A common situation for this to occur is when a shapefile with multiple shapes is provided, where we are interested in grouping our results by each shape. Here is a mock workflow using a subset of a shapefile of all 2,184 Brisbane parks.
Let’s say we are interested in knowing which parks in the Brisbane postcode 4075 have the most occurrences of the Scaly-Breasted Lorikeet, Trichoglossus chlorolepidotus, since 2020. We can download the entire shapefile from the above link, and perform our filtering and summarising as follows:
brisbane_parks <- sf::st_read("path/to/Park___Locations.shp") |>
sf::st_make_valid() |>
filter(POST_CODE == 4075)
# Convert shapefile to a bounding box
brisbane_parks_bbox <- brisbane_parks |> sf::st_bbox()

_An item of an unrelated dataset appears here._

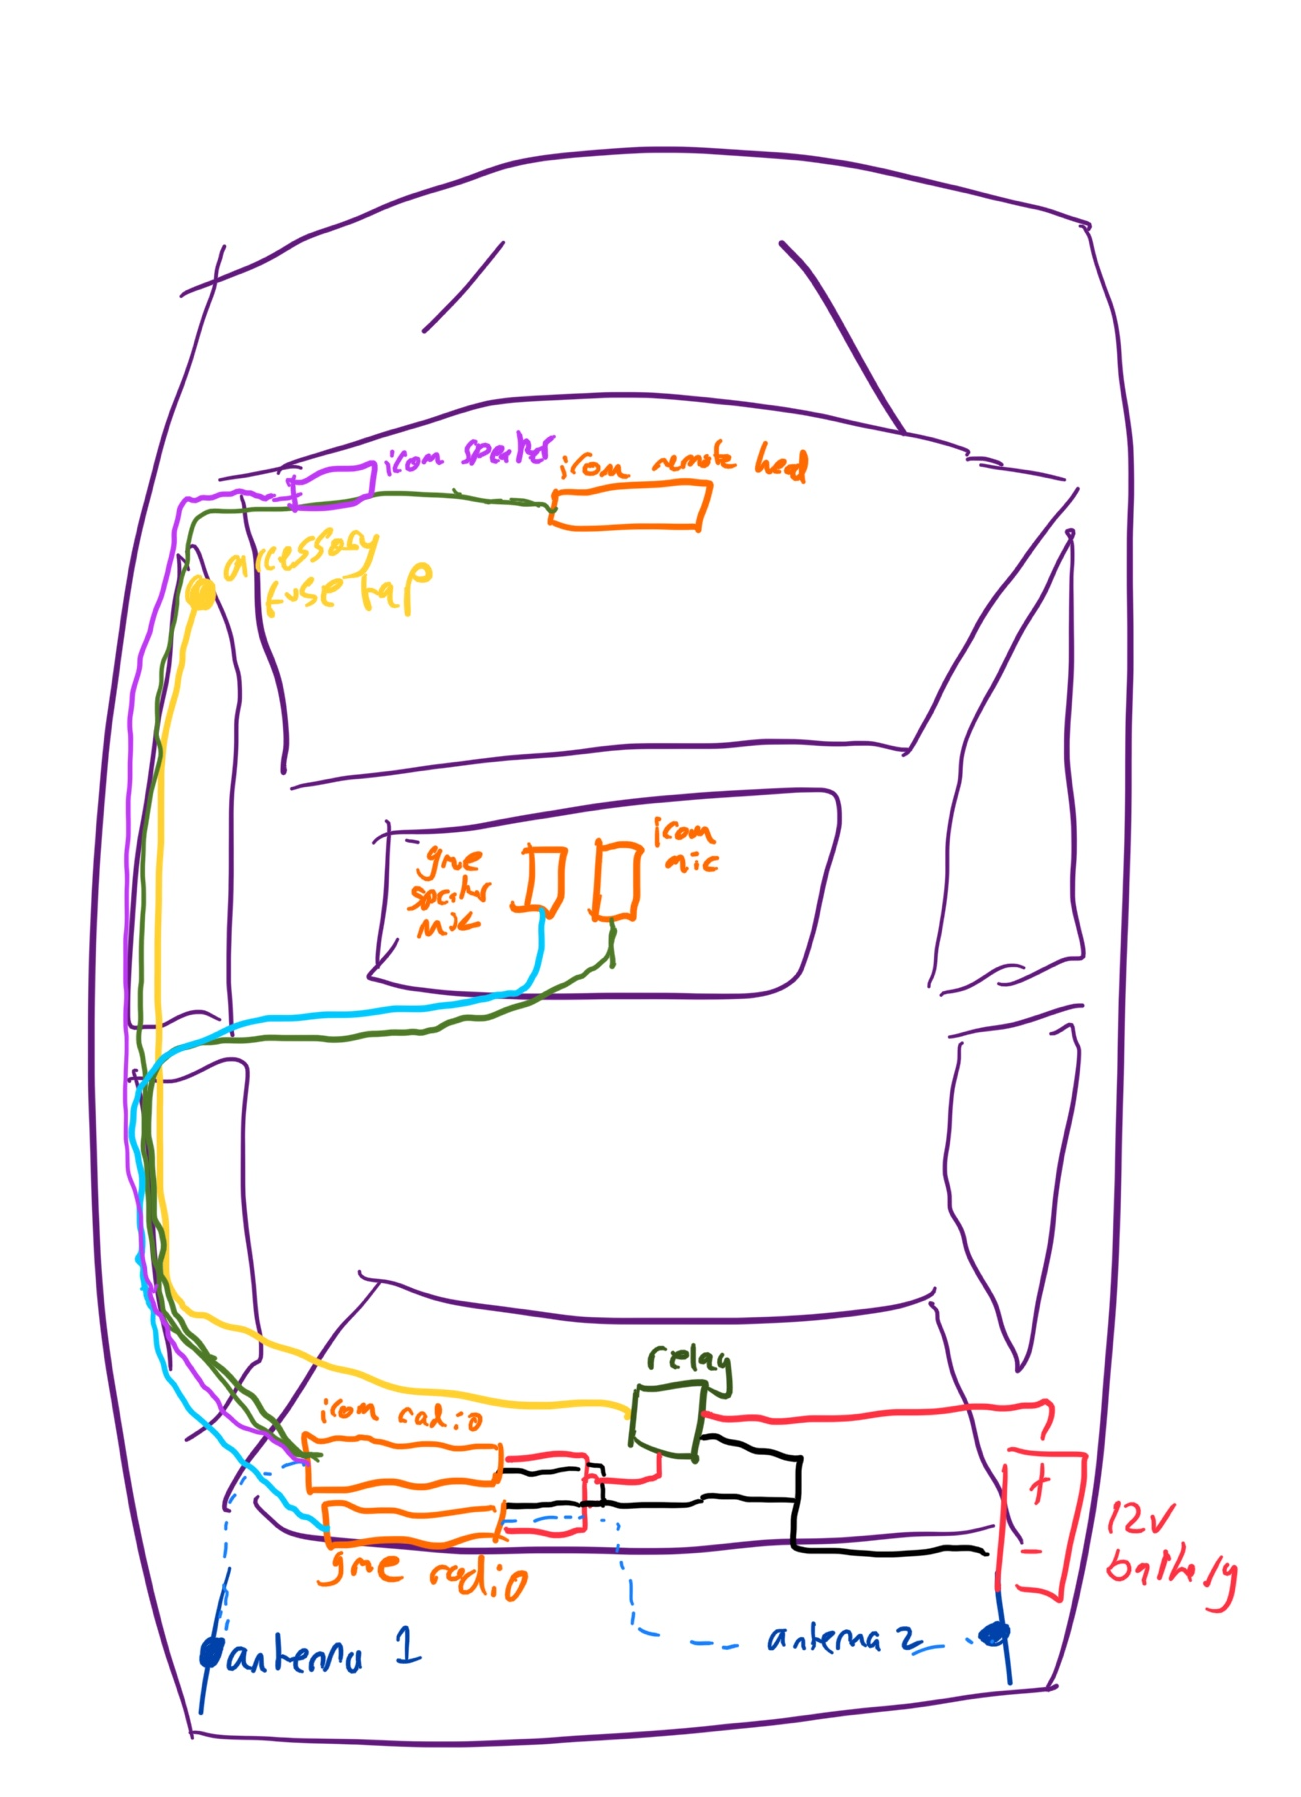 A sketch of a sedan from above, showing the layout of key items and cables. A speaker and radio remote head are shown in the front of the vehicle, along with a fuse tap. In the center of the vehicle are two handheld microphones. At the rear of the vehicle are two radios, a relay, the 12v battery, one antenna on the left and one antenna on the right. All cabling is wired up and down the left hand side of the vehicle.
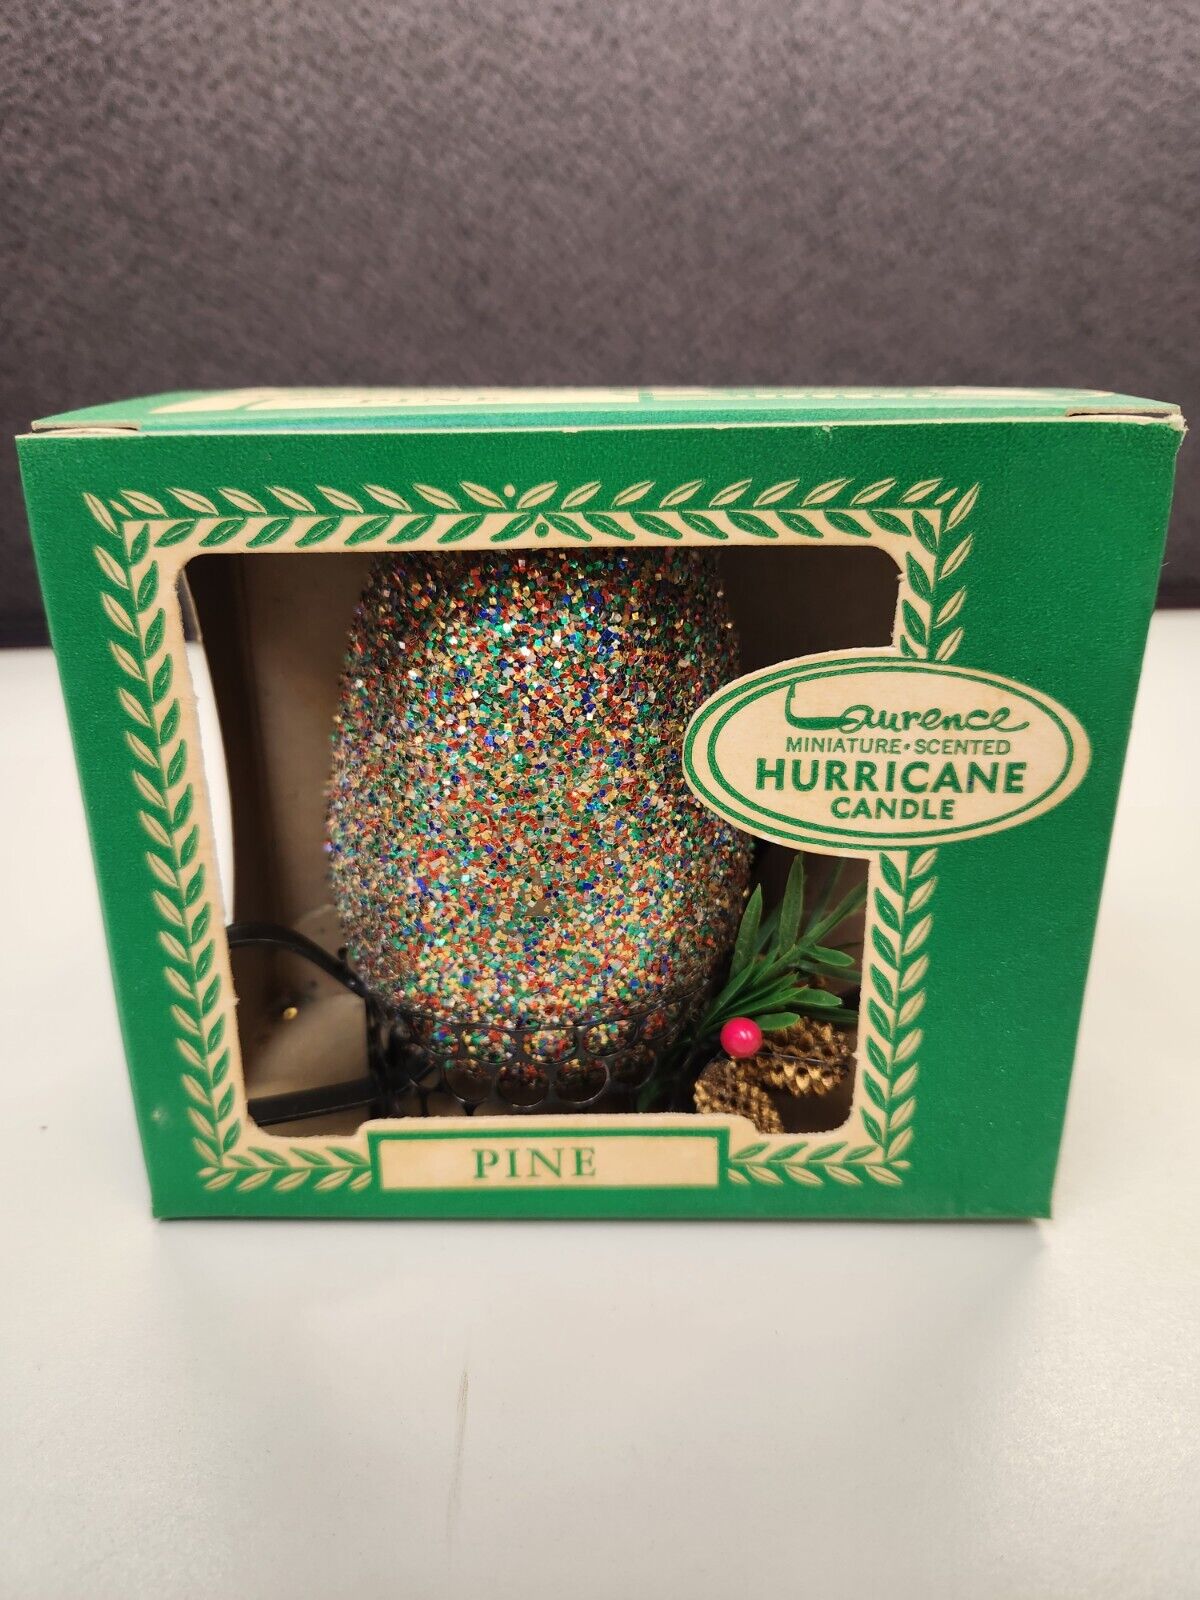 Vintage Laurence Miniature Multicolor Pine Hurricane Candle Boxed Glitter W/Box

# Find all occurrences of Trichoglossus chlorolepidotus in the bounding box in 2022
lorikeet_brisbane <- galah_call() |>
filter(scientificName == "Trichoglossus chlorolepidotus",
year >= 2020) |>
galah_geolocate(brisbane_parks_bbox, type = "bbox") |>
collect()
## Data returned for bounding box:
## xmin = 152.96331 xmax = 152.99668 ymin = -27.57737 ymax = -27.51606
# Filter records down to only those in the shapefile polygons
lorikeet_brisbane |>
# Create a point geometry based on the occurrence coordinates
sf::st_as_sf(coords = c("decimalLongitude", "decimalLatitude"), crs = sf::st_crs(brisbane_parks), remove = FALSE) |>
# identify which park each occurrence sits in with st_intersects()
mutate(intersection = sf::st_intersects(geometry, brisbane_parks) |> as.integer(),
park = ifelse(is.na(intersection), NA, brisbane_parks$PARK_NAME[intersection])) |>
# Filter out occurrences that did not occur in a park
filter(!is.na(park)) |>
# Drop the geometry column
sf::st_drop_geometry() |>
# Summarise the top 10 parks for lorikeet sightings in 2022
group_by(park) |>
summarise(counts = n()) |>
arrange(desc(counts)) |>
head(10)
## # A tibble: 10 × 2
## park counts
## <chr> <int>
## 1 SHERWOOD ARBORETUM 276
## 2 NYUNDARE-BA PARK 271
## 3 FAULKNER PARK 51
## 4 STRICKLAND TERRACE PARK 33
## 5 FORT ROAD BUSHLAND 31
## 6 GRACEVILLE RIVERSIDE PARKLANDS 31
## 7 BENARRAWA RESERVE 19
## 8 NOSWORTHY PARK 16
## 9 HORACE WINDOW RESERVE 9
## 10 GRACEVILLE AVENUE PARK 6
Some shapefiles cover large geographic areas with the caveat that even the bounding box doesn’t restrict the number of records to a value that can be downloaded easily. In this case, we recommend more nuances and detailed methods that can be performed using looping techniques. One of our ALA Labs blog posts, Hex maps for species occurrence data, has been written detailing how to approach larger problems such as this.